Là-dessus, la loi Toubon est arrivée, en 1994, avec son cortège d'insuffisances. Le Conseil constitutionnel a, en effet, émasculé le texte initial en annulant l'obligation générale d'utiliser les termes créés par les commissions ministérielles de terminologie, rebaptisées pour la circonstance. Dès lors l'anglomanie ambiante s'est développée, à laquelle n'échappa pas la S.N.C.F. Et les défenseurs de la langue française ne purent plus soigner une blessure de plus en plus béante.

Certes, il y eut encore des succès. Le C.L.E.C. a réussi à éviter que les trains de nuit entre Paris et les Alpes s'appellent, l'hiver, Night & Ski. Il a obtenu que la première classe de luxe des T.G.V méditernéens s'appelle Premium au lieu de Business Class. Il a obtenu que les lettres de rappel de facture destinées aux clients luxembourgeois de fret soient à nouveau faites en français, au lieu de l'anglais. Il a empêché que, lors d'une restructuration, on appelle certains services de la direction du Fret « business unit » et « customer service ». Il a pu donner son avis -et il a été écouté - pour la rédaction du manuel des règles de composition des noms de gare. Il est parvenu à empêcher qu'un sous-traitant enseigne un nouveau logiciel avec des supports rédigés en anglais. Il a participé à l'élaboration du décret n° 98-563 qui définit les règles d'utilisation des langues dans les transports internationaux. Il a obtenu que soit à peu près appliquée la circulaire du 6 mars 1999 sur l'emploi du français dans les systèmes d'information et de communication des administrations et établissements publics de l'État. Il a évité que se propagent les termes anglais utilisés dans la note d'orientation sur l'usage d'internet.

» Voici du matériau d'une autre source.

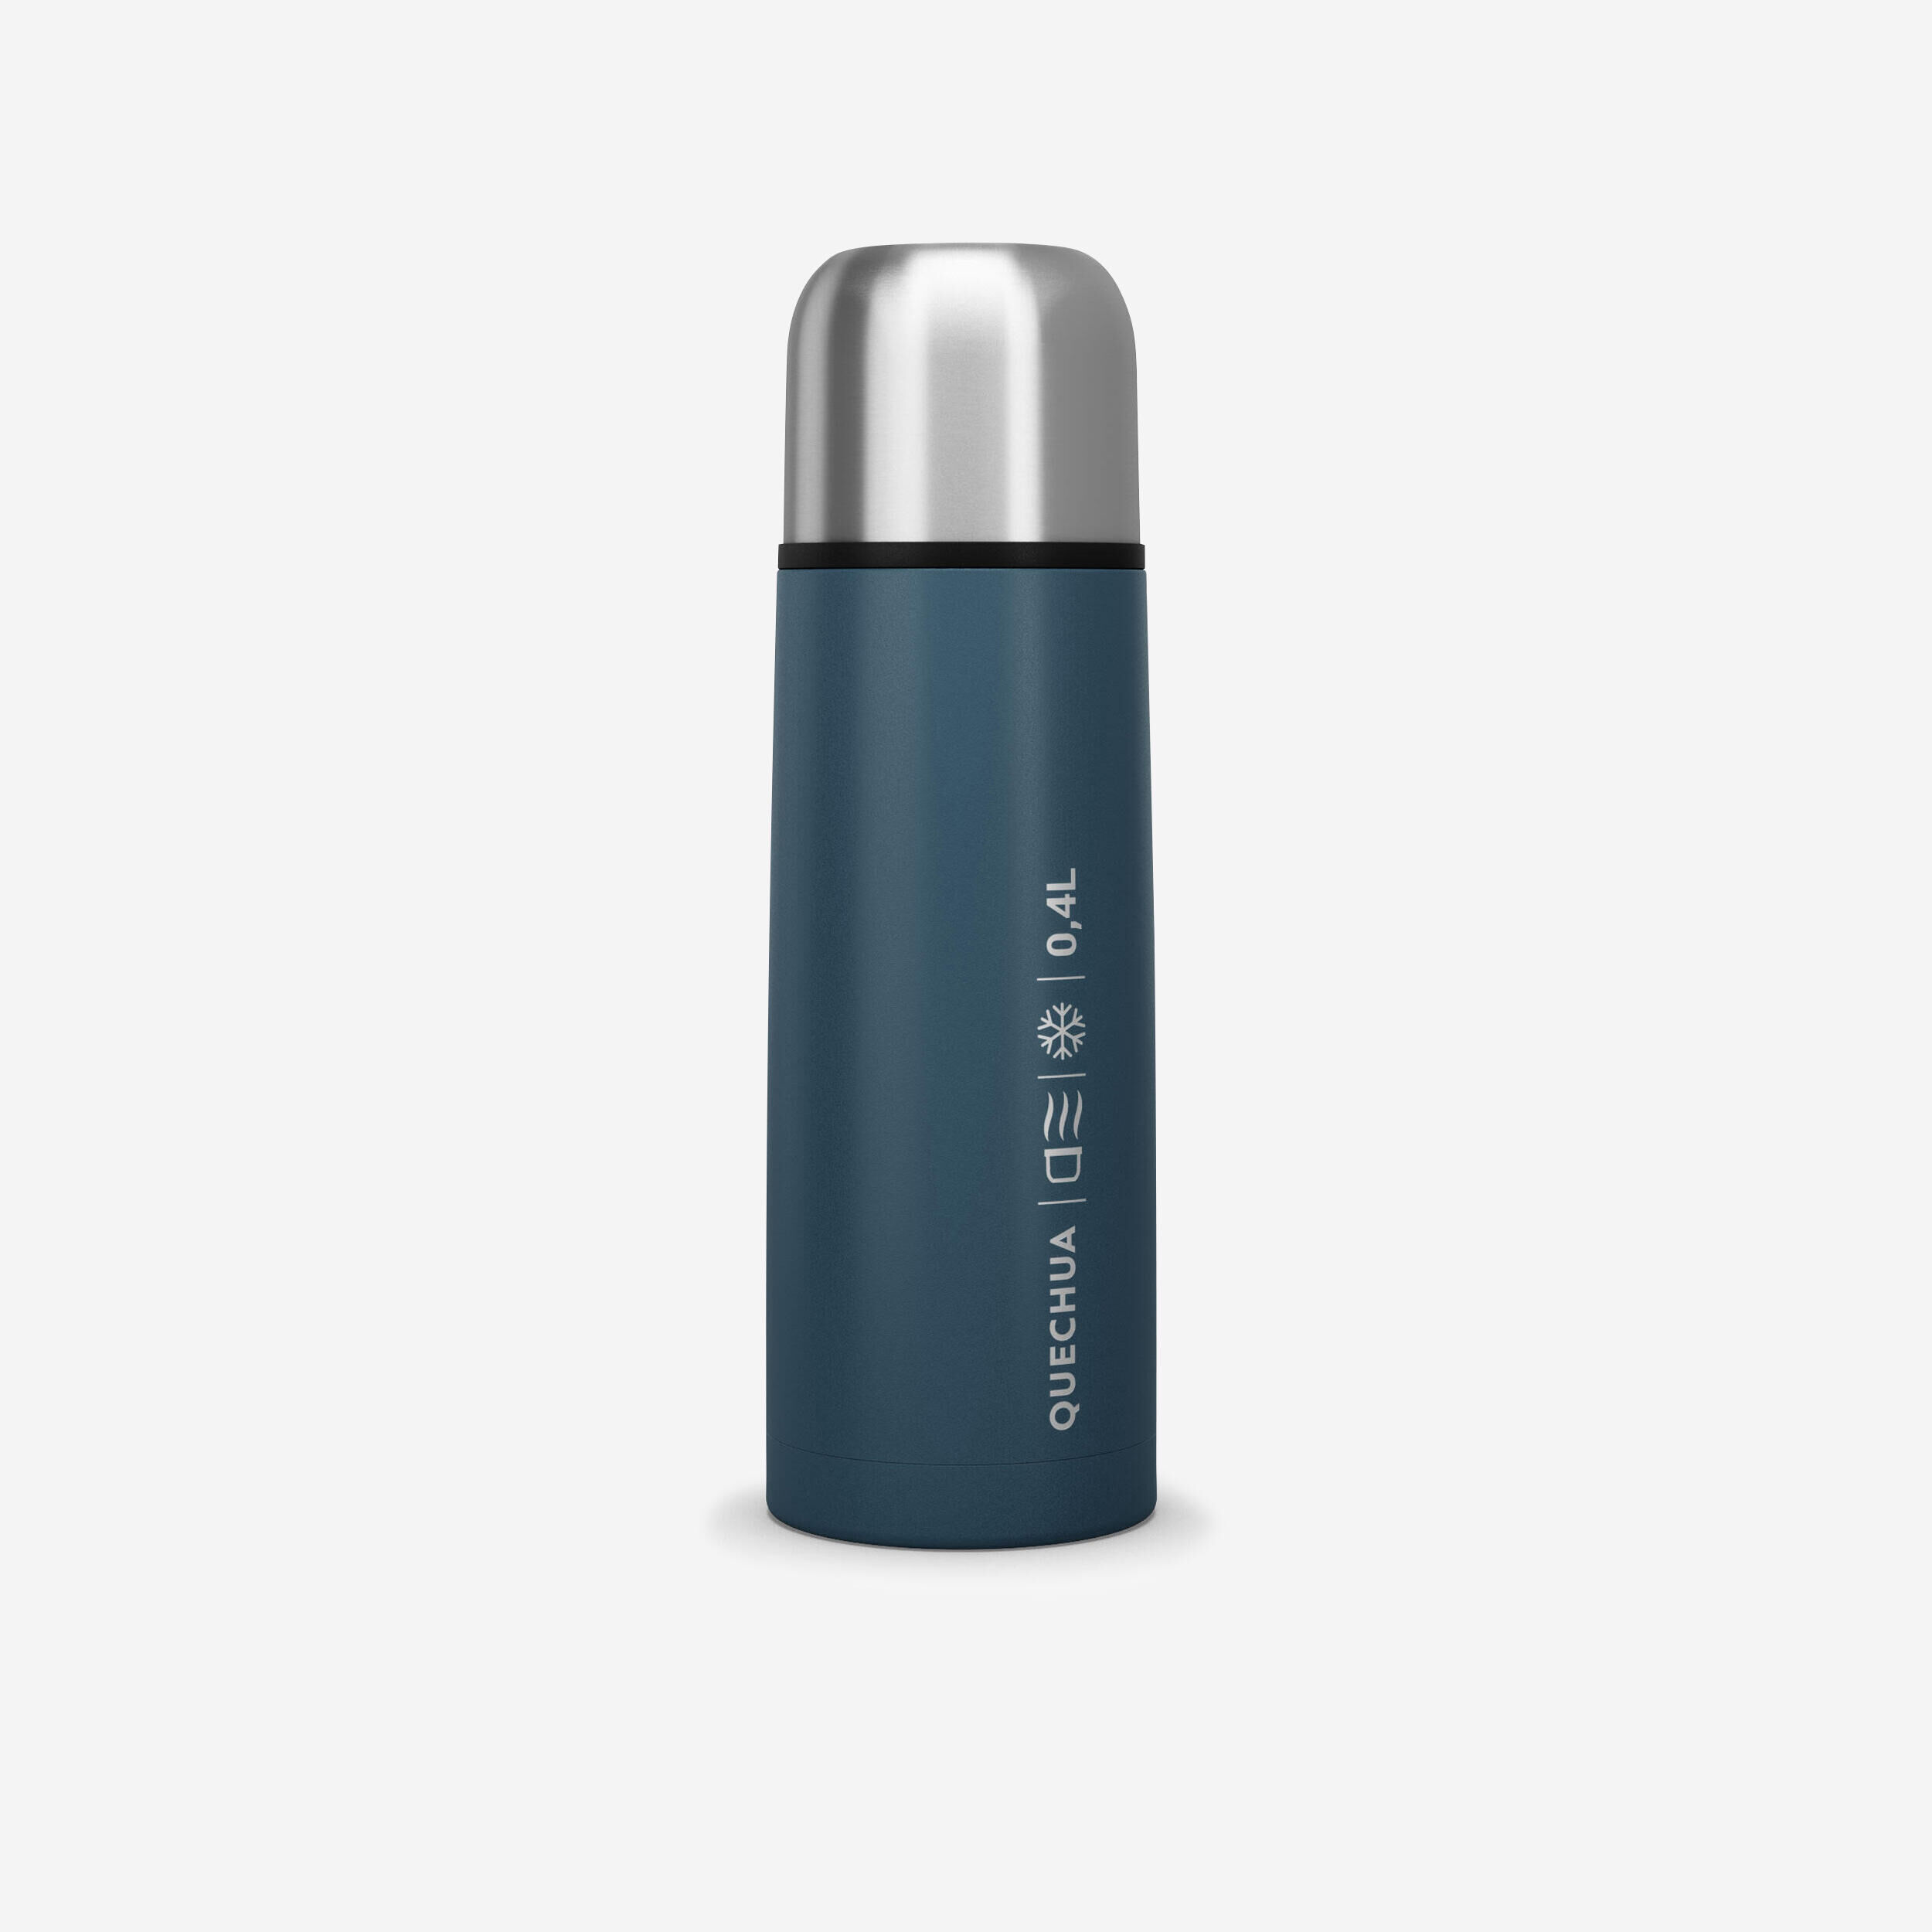 QUECHUA 0.4 L Stainless Steel Isothermal Flask with Cup for Hiking - Blue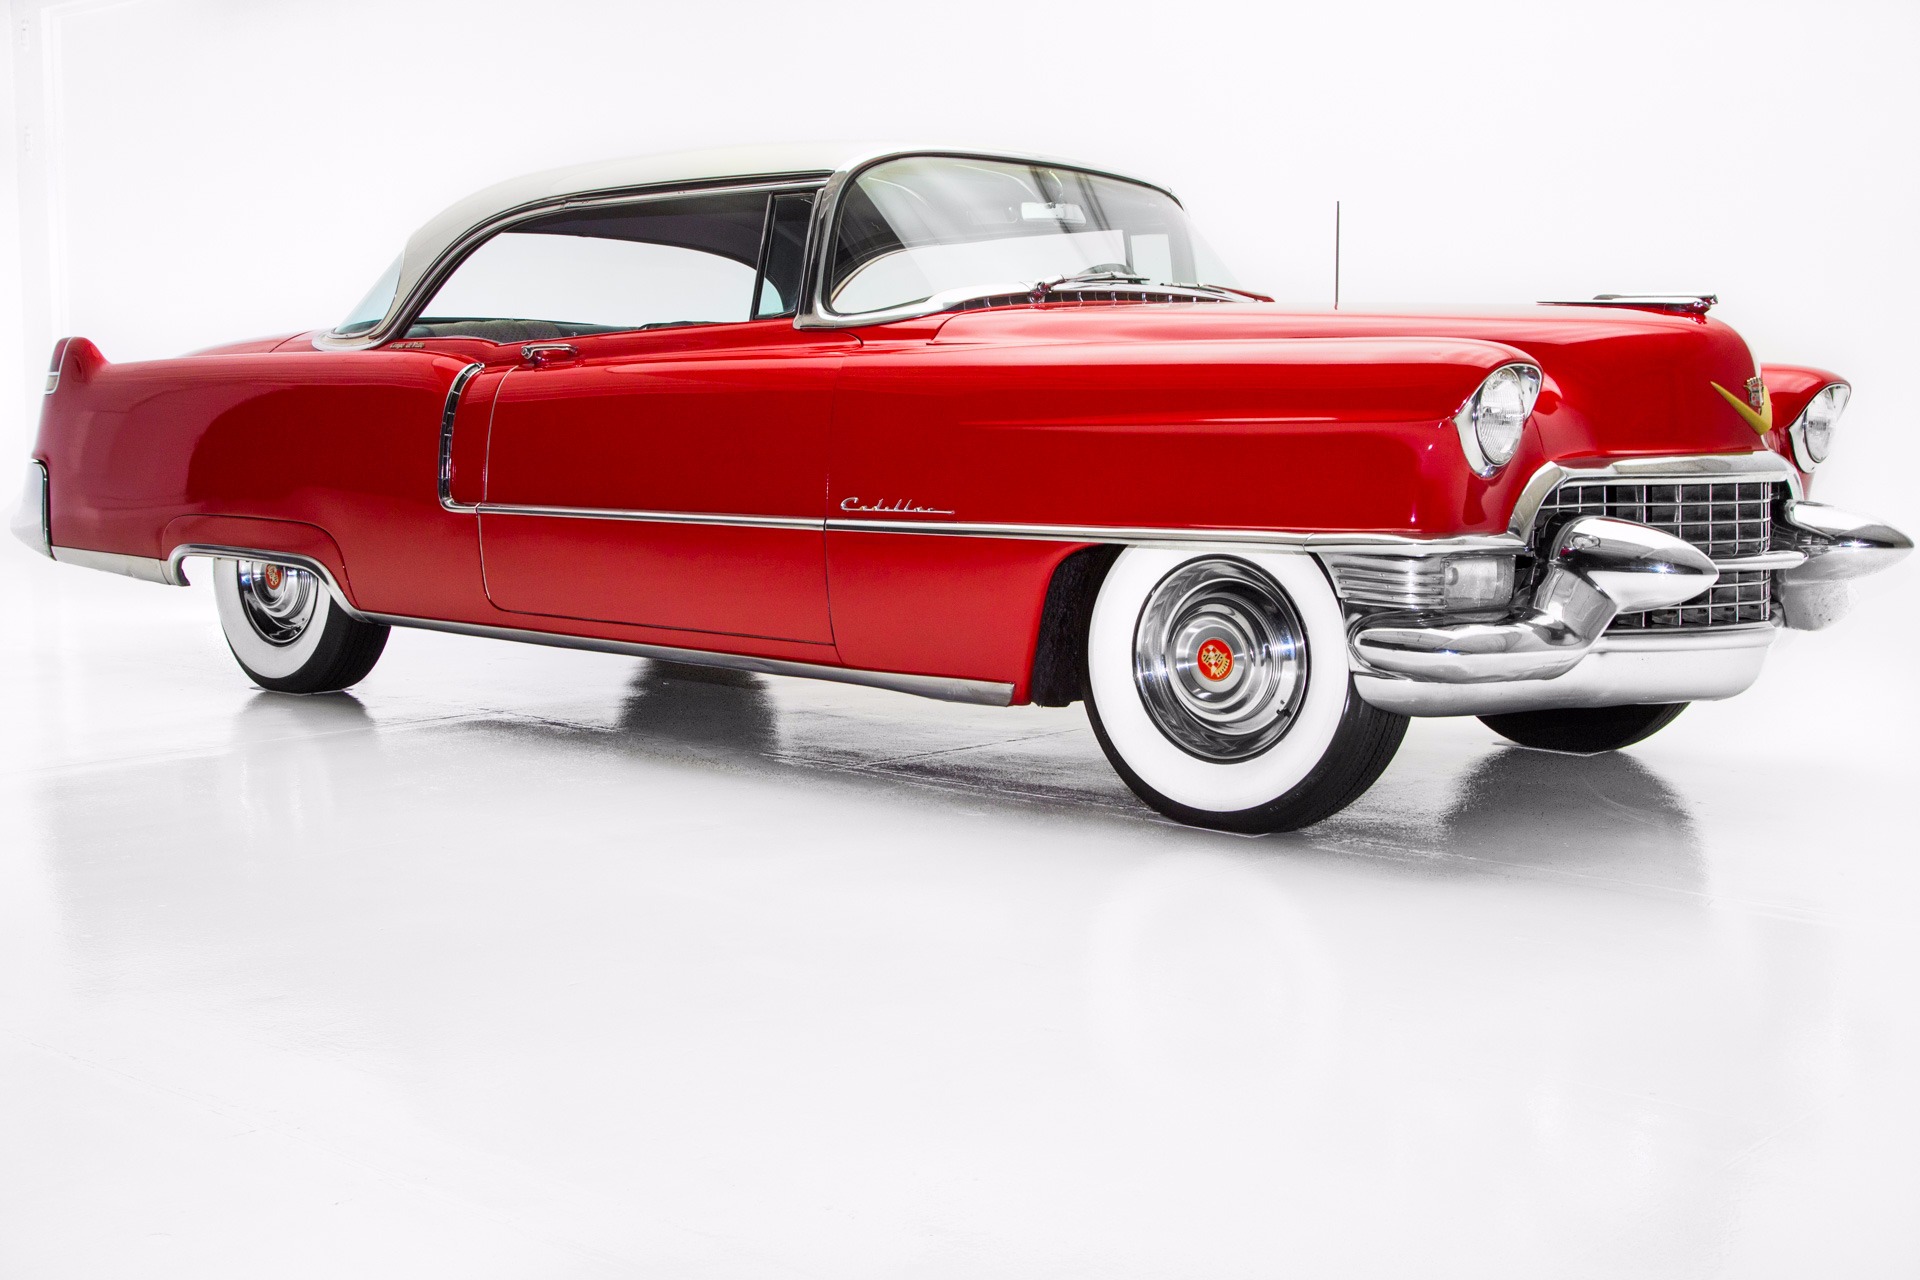 1955 Cadillac Coupe Deville Very Well Preserved Survivor

Mais aujourd'hui, le C.L.E.C. sent bien sa faiblesse. D'autant que des logiques nouvelles s'installent inexorablement l'Union internationale des chemins de fer, faute de moyens, en est réduite à ne plus traduire tous ses travaux dans ses trois langues de travail (français, allemand, anglais) ; les chemins de fer, confrontés à de nouvelles obligations économiques, font appel à des consultants qui, émanant souvent de sociétés américaines comme Mercer, Gemini Consulting ou Hay Management, travaillent en anglais ; les systèmes informatiques sont de plus en plus souvent conçus à l'échelle de l'Europe, et cette échelle-là s'écrit, hélas ! en anglais... Et l'on sent bien qu'il n'y a plus qu'une volonté politique pour défendre la langue française. Mais il n'y a pas de volonté politique et, dans ces conditions, le C.L.E.C. se demande parfois pourquoi il il s'obstine dans son combat.